• Stored data
- Opening Delimiter -

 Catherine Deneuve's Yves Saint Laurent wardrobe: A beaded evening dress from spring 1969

- Closing Delimiter -
- Opening Delimiter -

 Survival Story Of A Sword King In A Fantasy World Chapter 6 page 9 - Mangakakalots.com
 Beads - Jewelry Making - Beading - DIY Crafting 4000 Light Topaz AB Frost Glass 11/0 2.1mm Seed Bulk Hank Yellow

- Closing Delimiter -

• Task to complete
Lines wanted from the listing above: the line with "Survival Story Of" up to and including the line with "Beads - Jewelry". Please write them out exactly, adding nothing else.

• Output of the exercise
 Survival Story Of A Sword King In A Fantasy World Chapter 6 page 9 - Mangakakalots.com
 Beads - Jewelry Making - Beading - DIY Crafting 4000 Light Topaz AB Frost Glass 11/0 2.1mm Seed Bulk Hank Yellow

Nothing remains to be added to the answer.